On Jan. 20, 2011, Linville and his team were tasked with a routine detonation -- not immediately realizing there was an IED hidden beneath another one.
“I remember stepping on it, I remember the distorted boom in my ears, and being out of it and waking up," Linville told the Statesman.
“I can’t say why — my bomb didn’t fully detonate. If it had, I would have been a triple amputee and I would have died," he said.
Linville lost his right leg below the knee. His quest to climb the 22,000-foot peak began while recovering in his hospital bed.

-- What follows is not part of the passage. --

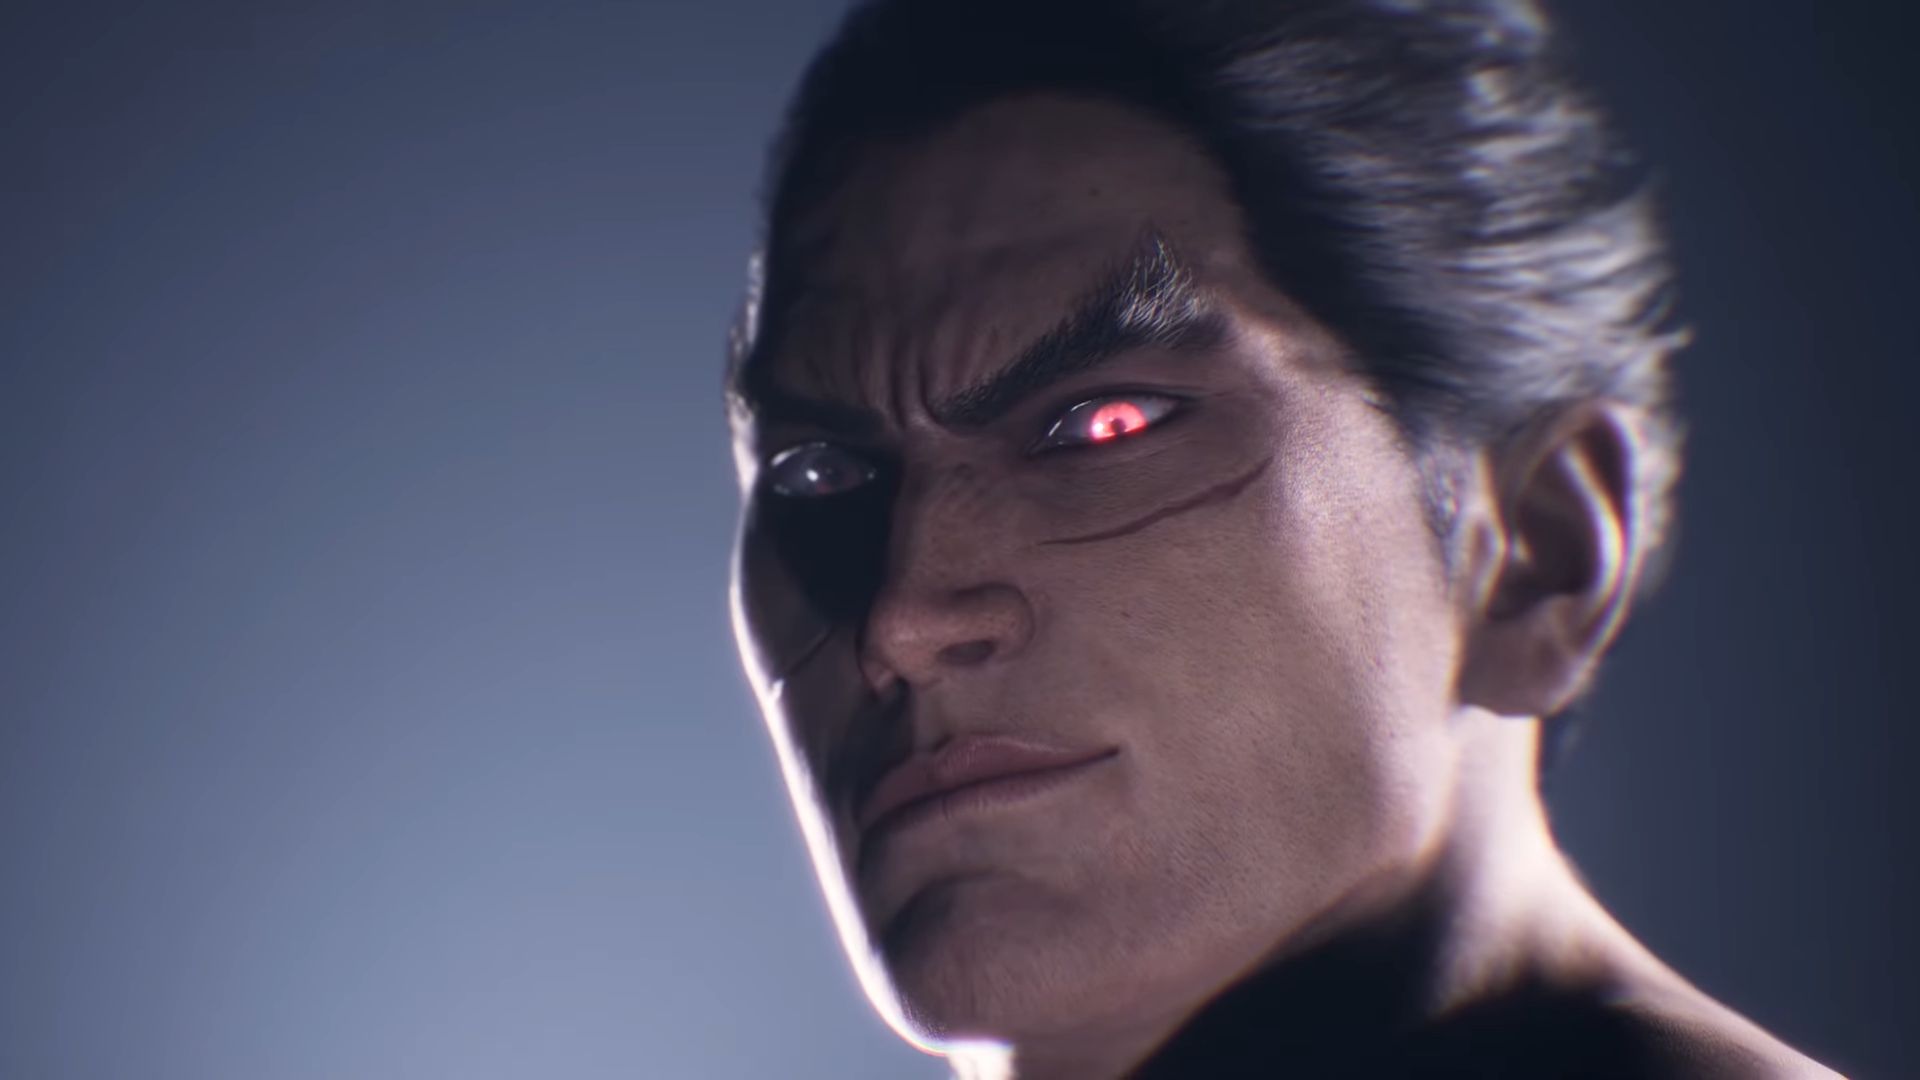 Kazuya Mishima Tekken 8 render, Tekken

"I got blown up and severely wounded and kind of sat in a hospital bed and couldn't figure out what I was going to do with this rest of my life and what could this body that I now have do," he told the newspaper. "And the answer kind of found me. Hey, go try to climb the world's tallest mountain and see if you can be successful."
Linville first attempted to climb Everest in 2014 but his efforts were thwarted when when an avalanche ripped through the Khumbu Icefall, killing 16 Nepalese guides and forcing officials at the time to close the mountain to climbers, according to the newspaper.
Linville -- whose climbs have been sponsored by The Heroes Project, a nonprofit organization that helps wounded veterans -- tried again the following year. But shortly before Linville and his team made the trek, a 7.8 magnitude earthquake rocked Nepal, killing almost 2,000 people. The quake triggered avalanches on the mountain, which was once again closed to climbers.
Linville said he's determined to make it to the top in May -- and, in doing so, inspire others around the world who face physical and emotional challenges.
“And if I can affect one person, maybe directly — me knowing that person — or indirectly, like I don’t know them but they hear my story; and they get up, they leave their house and start doing (something) in their life ...“ he told the paper.
"If it just changes one person’s life, then all the misery, everything that has come with it, will be worth it. Maybe I’ll never know if it was worth it. I guess I’ll go on living my life thinking that it was."